A result is worth investigating when all of the following are true:
  • The same test produces a consistently higher Telemetry Hotspot or cooling-envelope result.
  • Board power and normal GPU temperature are comparable to prior logs.
  • Fan RPM or fan percentage rises substantially to maintain the same load temperature.
  • The trend repeats across multiple complete heat-and-cool cycles.
  • The difference persists after restoring default fan and power settings.
A single high reading, one uneven test, or a single outlier is not evidence that thermal paste has degraded.

Fix common IBHE problems​

Telemetry Hotspot shows n/a or is missing​

  1. Confirm that IBHE is elevated.
  2. Use Restart as Administrator or close IBHE and reopen it with Run as administrator.
  3. Confirm that the detected GPU is a supported Blackwell consumer card.
  4. Update the NVIDIA graphics driver if the problem began after a driver or Windows change.
  5. Continue with the estimation fields if telemetry remains unavailable.
Do not attempt to enable undocumented MMIO or physical-memory access tools merely to force a temperature readout. IBHE intentionally avoids that approach for public use.

The estimated values look implausible​

Check whether external software is controlling fan speed, power, or voltage.
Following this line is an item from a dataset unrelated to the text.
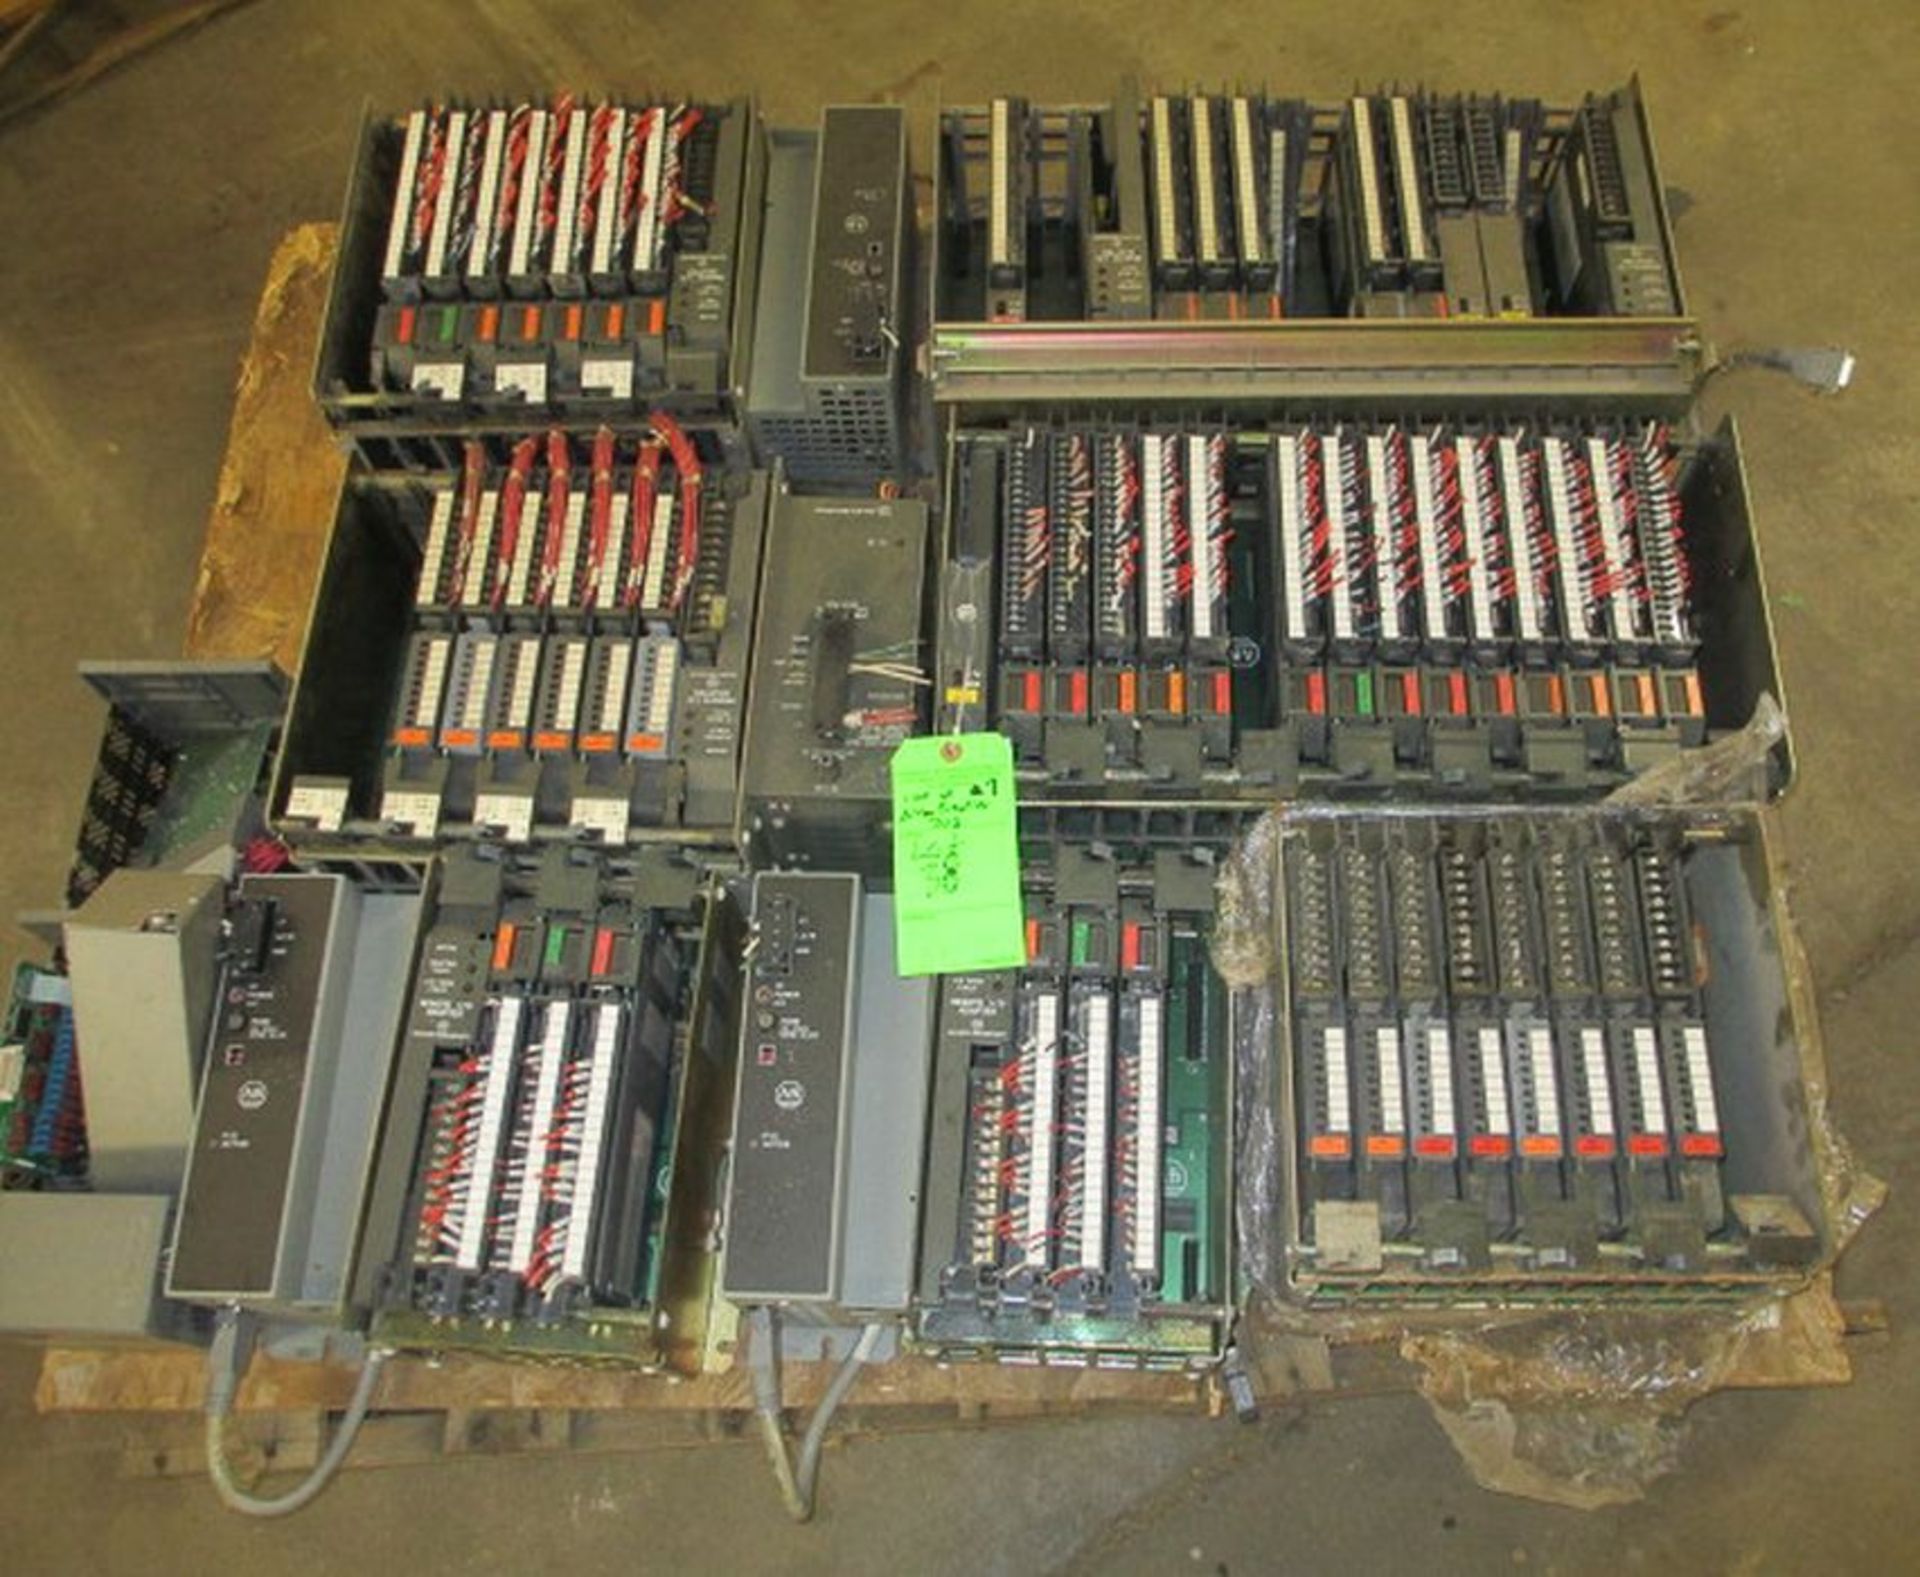 Allen Bradley PLC Racks, Total of (7) Chassis, Includes Cat # 1771-A4B Chassis with Modules ;

Manual fixed fan speeds, custom fan curves, liquid cooling, and zero-RPM behavior can reduce the usefulness of the model.
For a clean comparison:
  1. Restore the graphics card to its normal/default operating profile.
  2. Close competing fan-control tools.
  3. Select Reset model in IBHE.
  4. Repeat a full idle-to-load-to-cooldown recording.
Resetting the model removes IBHE’s collected trend data; it does not change GPU settings, firmware, drivers, or hardware.

The lower IBHE controls are hidden behind the taskbar​

This was reported with high Windows display scaling on high-resolution displays. The issue was addressed in the revised IBHE 2.1 release published July 17, 2026.
First, download the current IBHE 2.1 package again from the publisher and replace the older program files.
If the window is still too tall:
  • In Windows 11, open Settings > System > Display > Scale.
  • In Windows 10, open Settings > System > Display > Scale and layout.
  • Temporarily choose a lower scaling value, reopen IBHE, and check whether the overlay and logging controls are visible.
Restore your preferred scaling after testing. This is a display workaround, not a GPU fix.
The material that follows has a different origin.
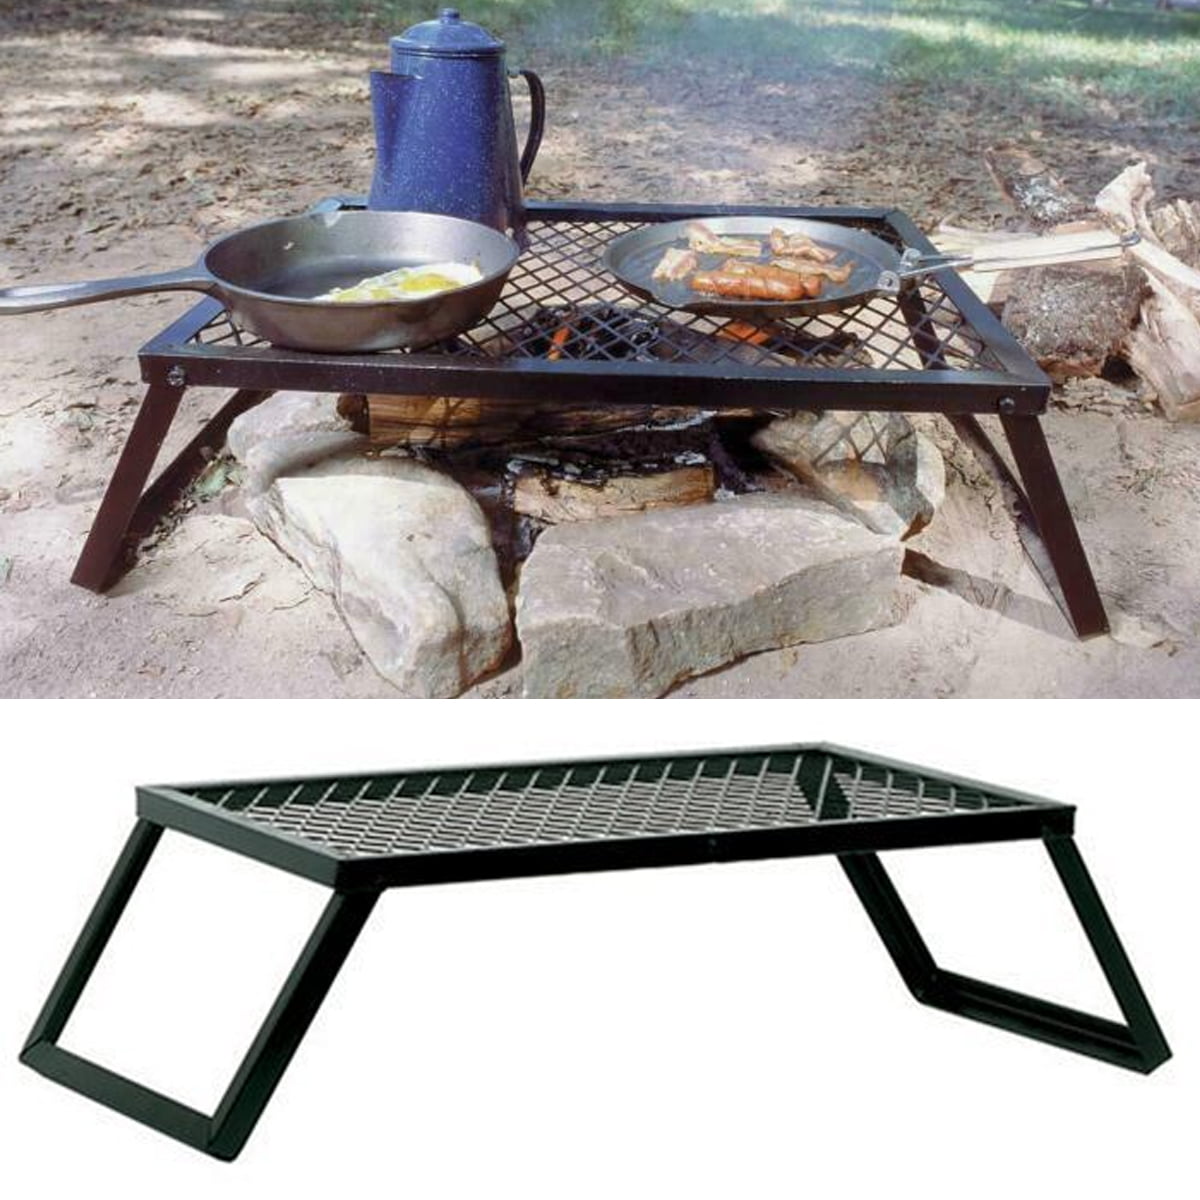 Heavy Duty Outdoor Camping Grill Grate with Legs RedSwing Portable Folding Campfire Grill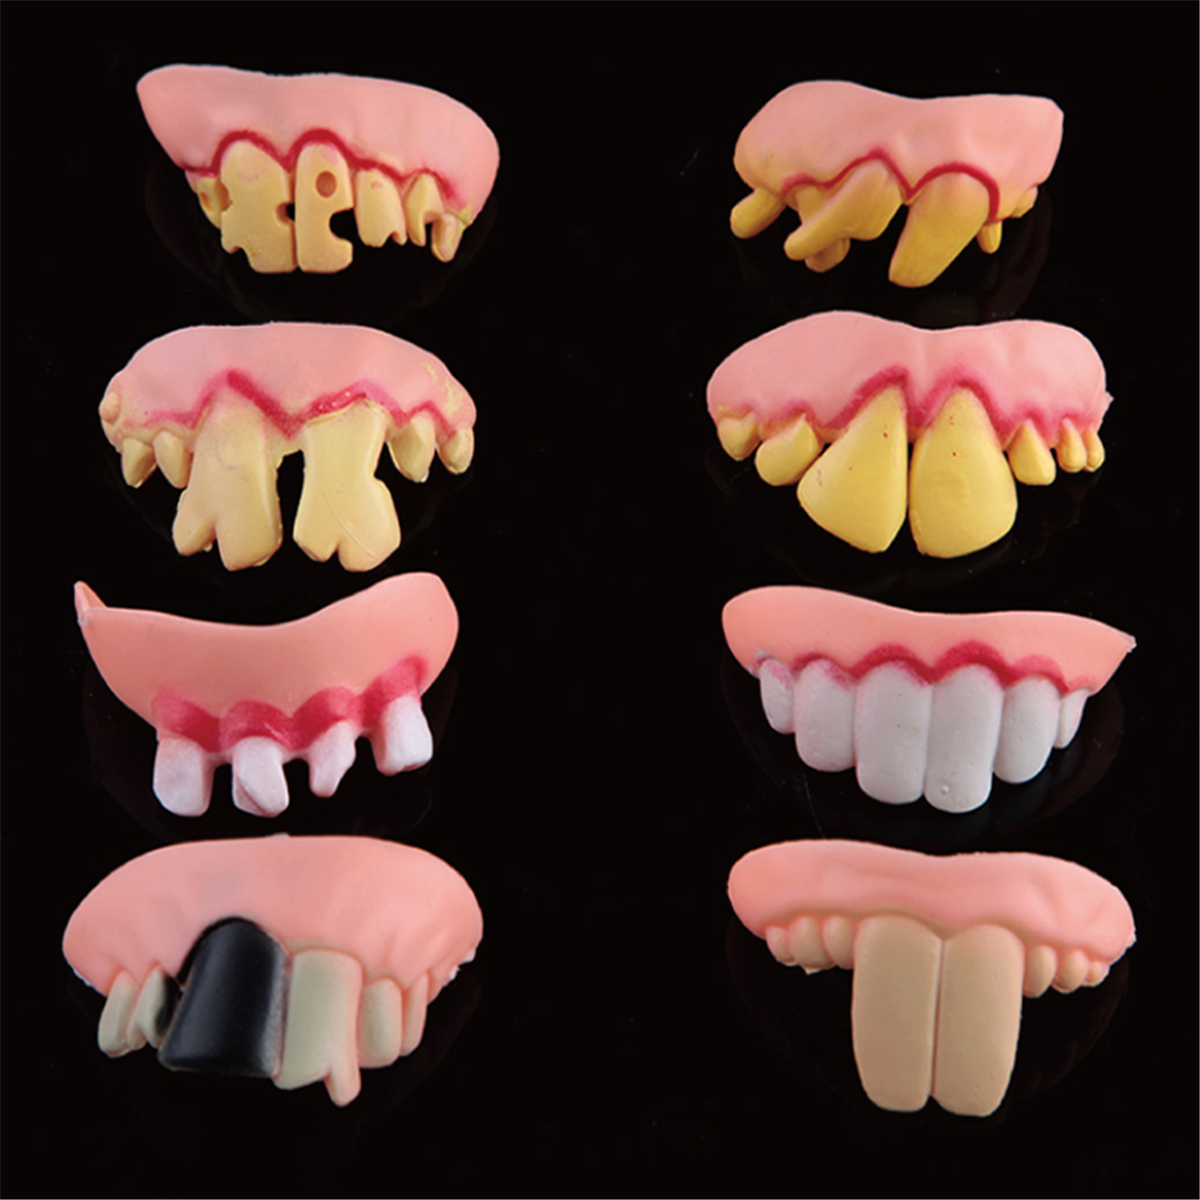 Halloween-Funny-Faked-Teeth-Makeup-Party-Masquerade-Prop-996123-4

The GPU runs hot in every tool​

Confirm the issue outside IBHE before considering a hardware change:
  1. Restore default GPU tuning and fan settings.
  2. Check that all card fans spin under load.
  3. Remove dust from intake filters, heatsink fins, and case vents.
  4. Verify that case airflow has not been obstructed by a new panel, cable arrangement, or front-mounted radiator.
  5. Repeat the same workload with the case closed and then, briefly, with the side panel removed.
If temperatures improve markedly with the side panel removed, investigate case airflow rather than replacing the GPU’s thermal interface material. If the card throttles, crashes, shows artifacts, or repeatedly reaches abnormal temperatures under default settings, stop sustained stress testing and contact the card manufacturer or system builder for warranty guidance.